Ковалёв ещё раз осмотрел избу: на полке, около печи, немножко посуды, стол выскоблен, постель прибрана, и всё — как будто накануне праздника. И дети — чистые.
— Чисто живёшь, — похвалил он.
— Исхитряюсь кое-как, — сказала женщина. — Вот войлок дали на станции, обувку ребятам сделала, а то — простужаются босые, — холодно ещё.
— Ну, живи, живи, — разрешил староста и, выпрямив ноющую спину, пошёл прочь, чувствуя лёгкую обиду и думая:
«Не жалуется. Ничего не попросила…»
Неприятно было вспомнить, что у него дома три бабы: мать, ещё бодрая старуха, жена, суетливая и задорная, сестра жены, старая дева, плаксивая и злая, а в доме грязновато, шумно, дети плохо прибраны, старший — отчаянный баловник, драчун, на него постоянно жалуются отцы и матери товарищей, избитых им.

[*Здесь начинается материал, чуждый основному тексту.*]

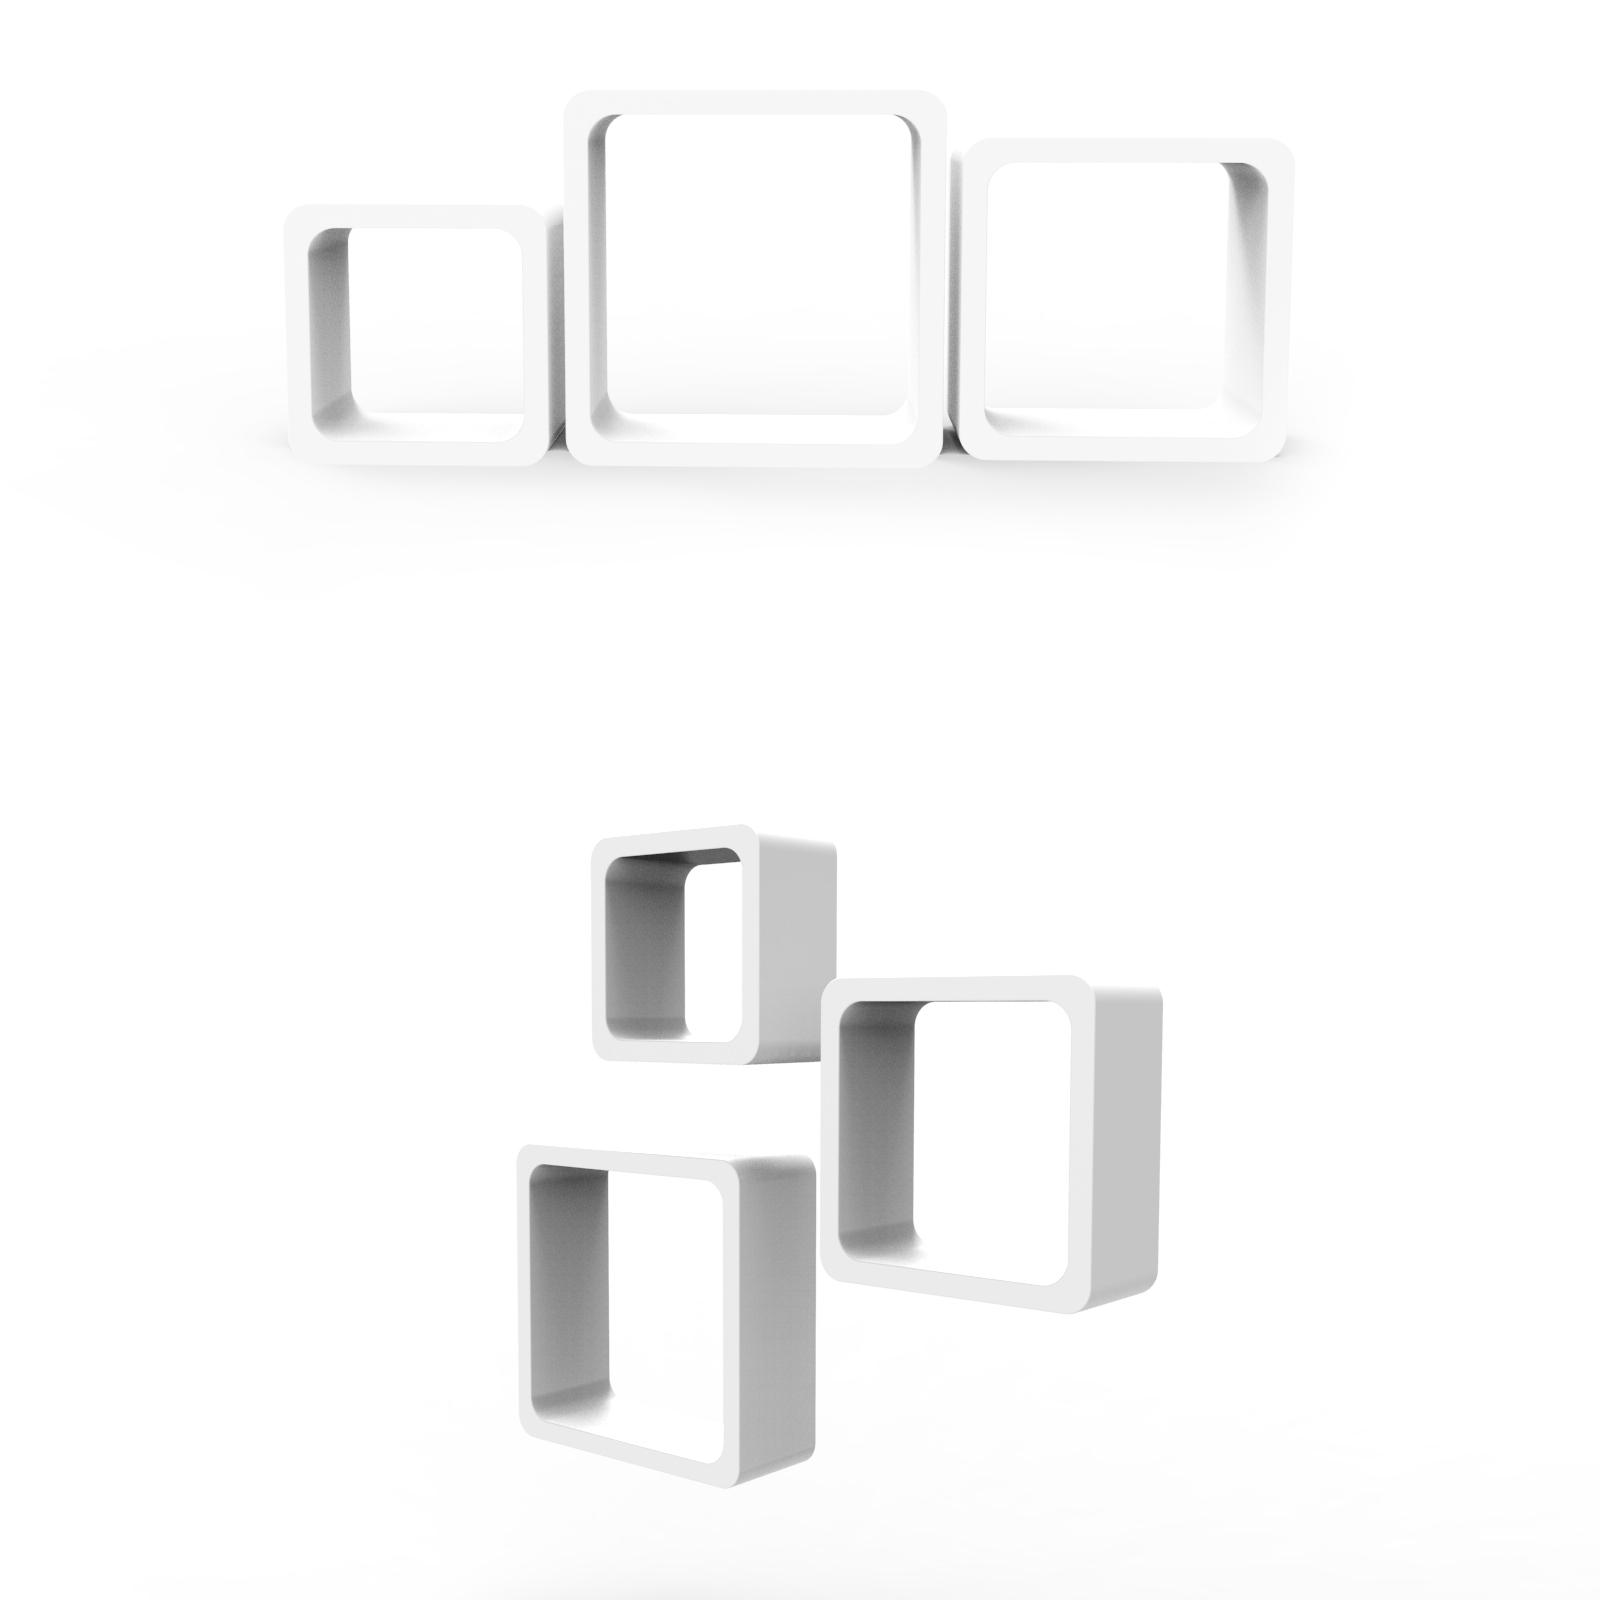 cube regal h ngeregal wandregal b cherregal hochglanz mdf regal wei c ware ebay. Black Bedroom Furniture Sets. Home Design Ideas

Когда он шёл мимо избы Роговой, Степанида выскочила со двора с решетом в руках, схватила его за рукав и озабоченно, сдерживая голос, сказала:
— Тимофеич, слушай-ко: учитель-то у меня нехорош стал…
— А был хорош? — шутливо спросил Ковалёв.

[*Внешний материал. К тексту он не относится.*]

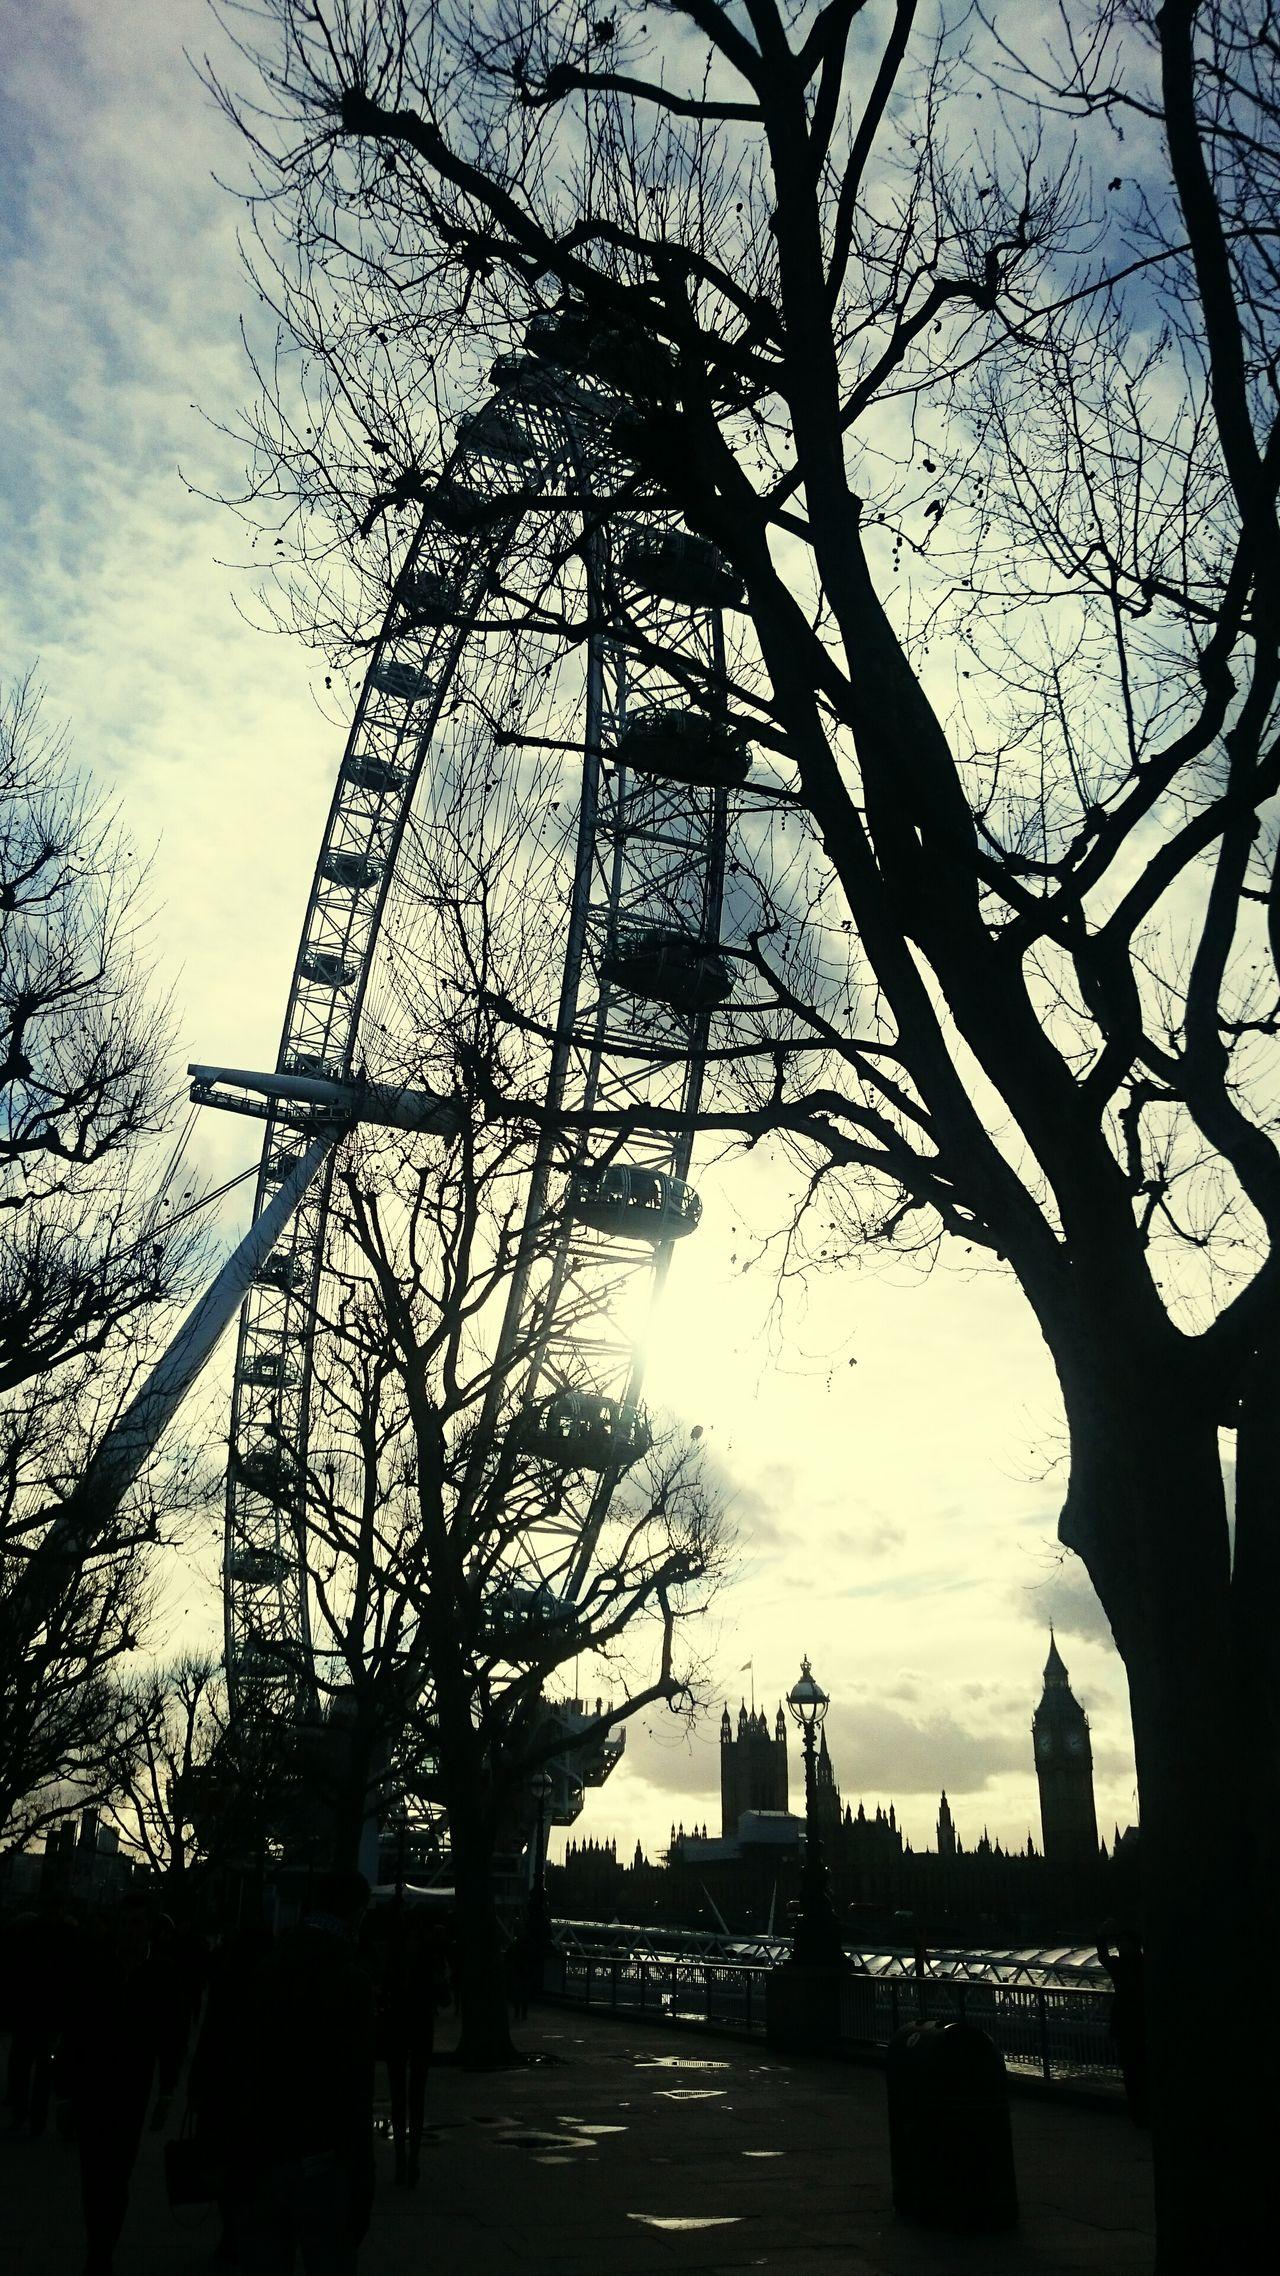 London EYE Am London Urban Architecture Modern Landmark Sky Sunlight Silhouette The City Light

— Ты погоди, послушай, — говорила она, оглядывая улицу и толкая старосту во двор свой. — Сказала я ему, чтоб он квашню на лавку поставил, а он взял квашню-то, поднял да и сел на пол, а квашня — набок, я едва тесто удержала. Гляжу, а у него изо рта кровь ручьём, ты подумай! Это уж к смерти ему. Ты, батюшка, сними его от меня, в больницу надо отвезти, давай лошадь, моя — на пахоте! Да я и не обязана возить его.
— А кто обязан? Я, что ли? — ласково заговорил Ковалёв. — И где я лошадь возьму, у кого? Никто не даст, все пашут. Тридцать вёрст туда-обратно. Это значит — двое суток время потерять.
— А мне как быть?
— Отлежится. Позови Марью Малинину, она заговорит кровь-то, — успокоительно говорил староста, почёсывая спину о перила крыльца. — Ты не беспокойся. Уж очень ты любишь беспокоиться, — укоризненно сказал Ковалёв.
— А умрёт? — спросила Рогова, выкатив красивые глаза свои.
— Эка важность! Имущество тебе останется.
— Ну, какое! Три рубахи, трое штанов, всё ношеное, пиджачишко да пальтишко. Часы будто серебряные.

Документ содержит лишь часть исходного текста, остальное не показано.